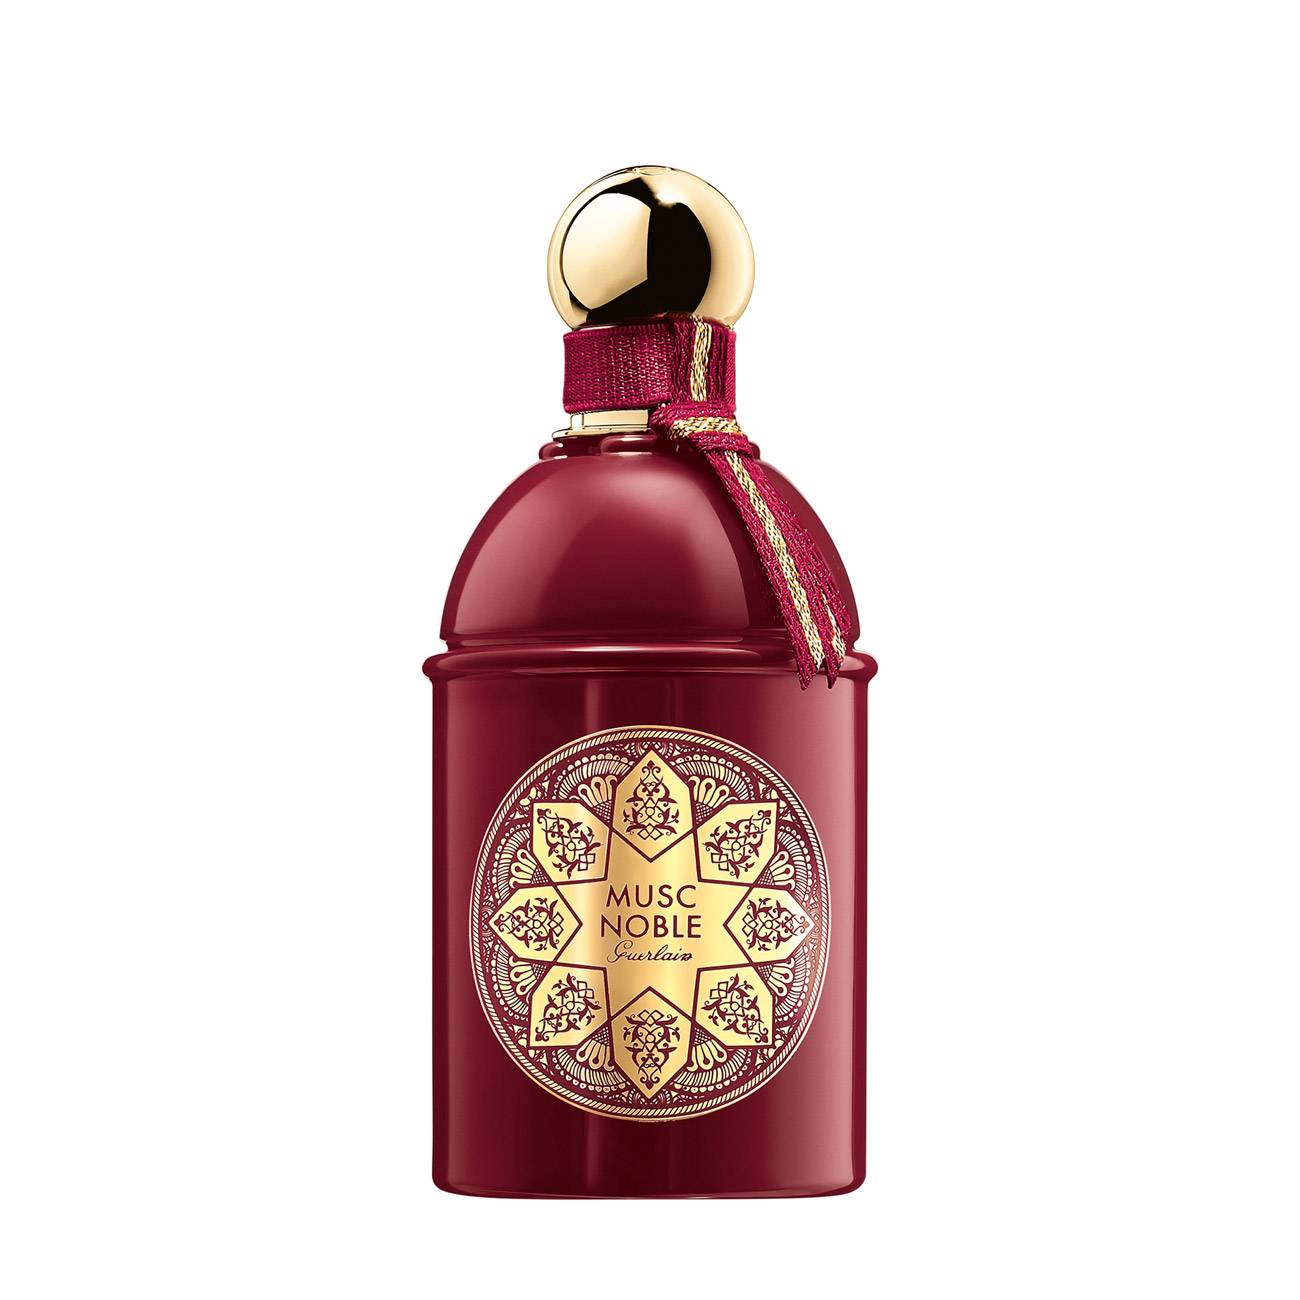 Apa de Parfum Guerlain LES ABSOLUS D’ORIENT MUSC NOBLE 125ml cu comanda online
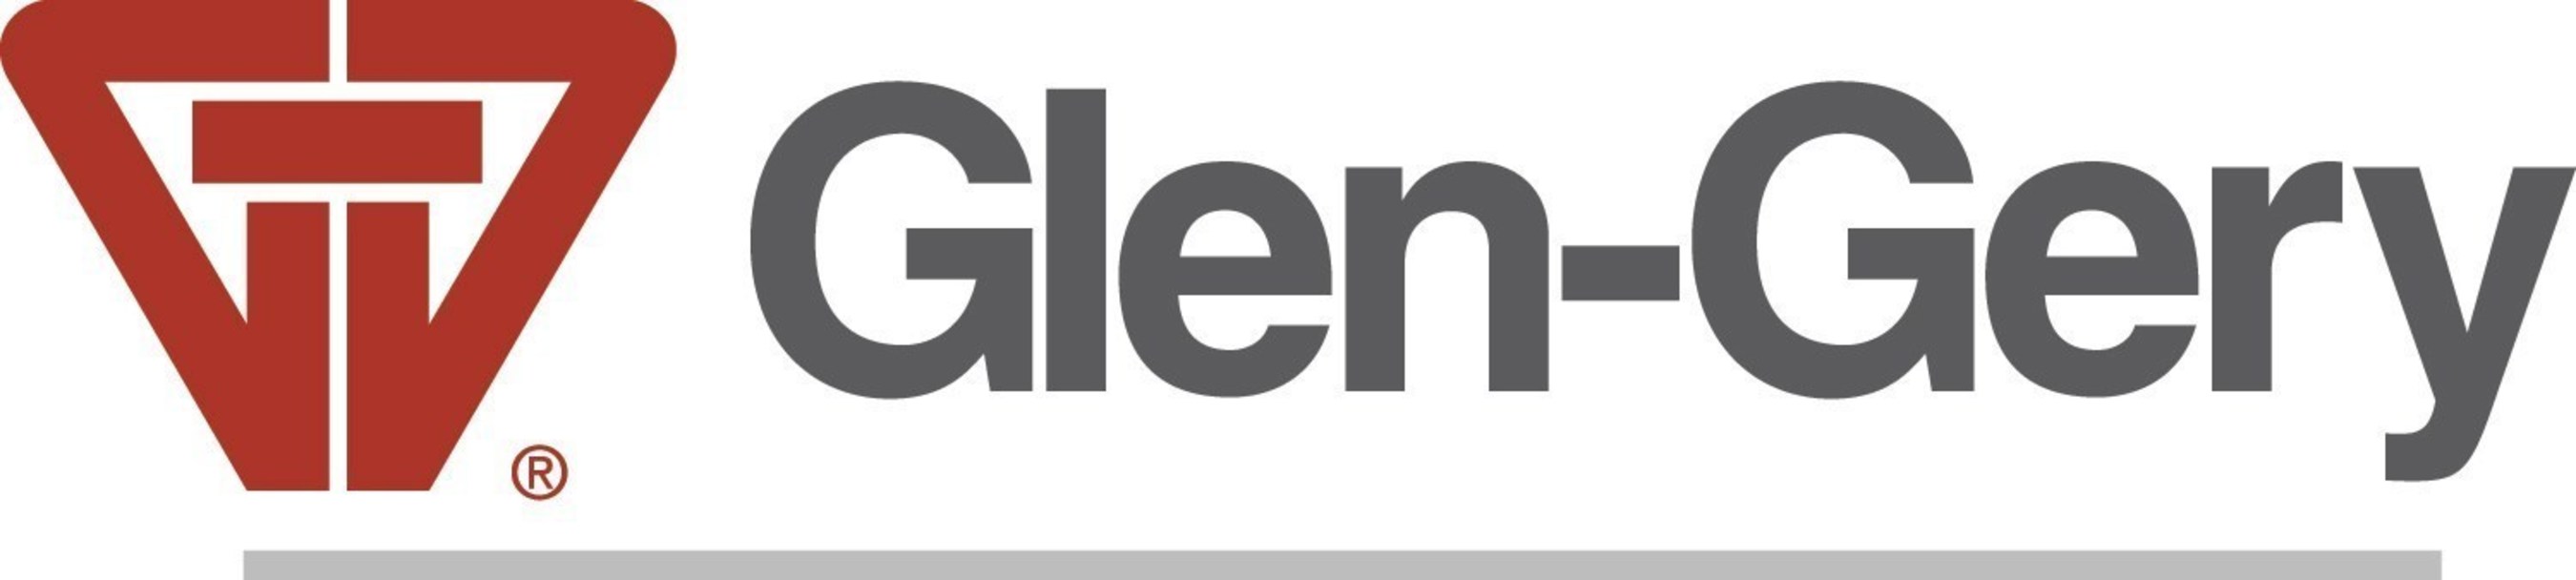 Glen-Gery logo (PRNewsFoto/Glen-Gery)
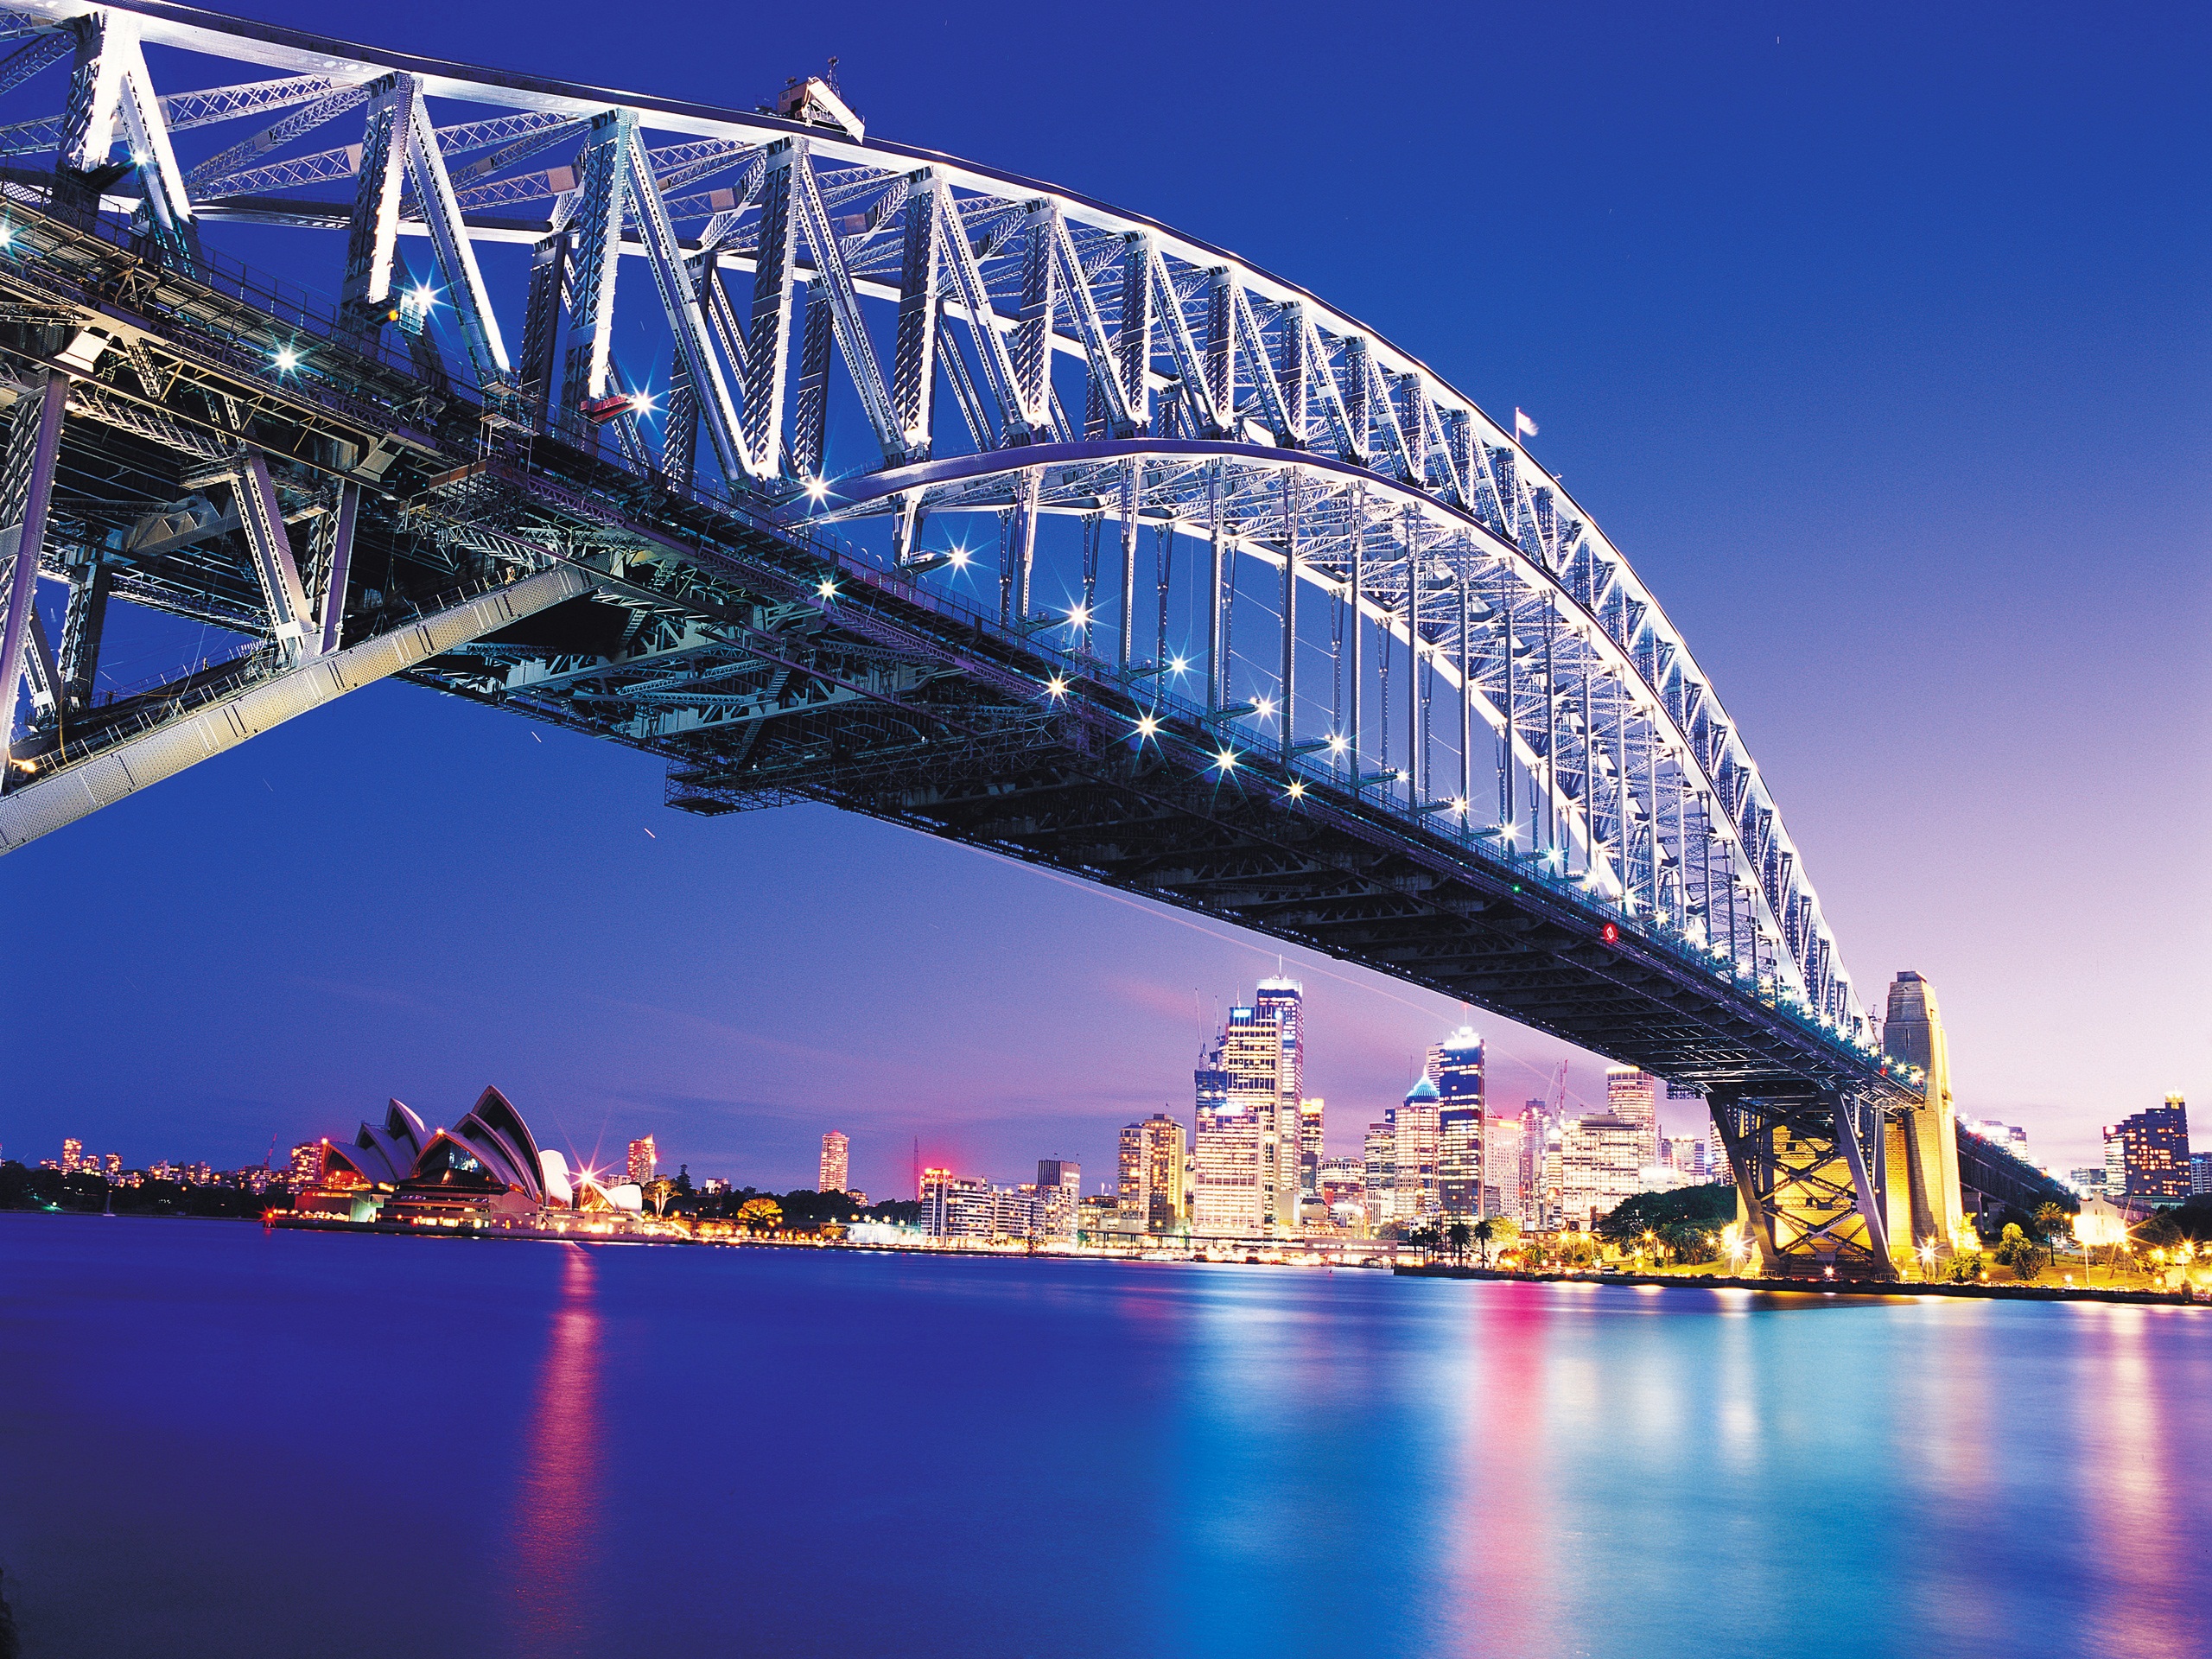 Amazing Sydney Bridge7116412161 - Amazing Sydney Bridge - Tower, Sydney, bridge, Amazing

## Problem description
Transcribe the listing verbatim, pictures excluded.

## Response box
 Apa de Parfum Guerlain LES ABSOLUS D’ORIENT MUSC NOBLE 125ml cu comanda online
 Glen-Gery logo (PRNewsFoto/Glen-Gery)
 Amazing Sydney Bridge7116412161 - Amazing Sydney Bridge - Tower, Sydney, bridge, Amazing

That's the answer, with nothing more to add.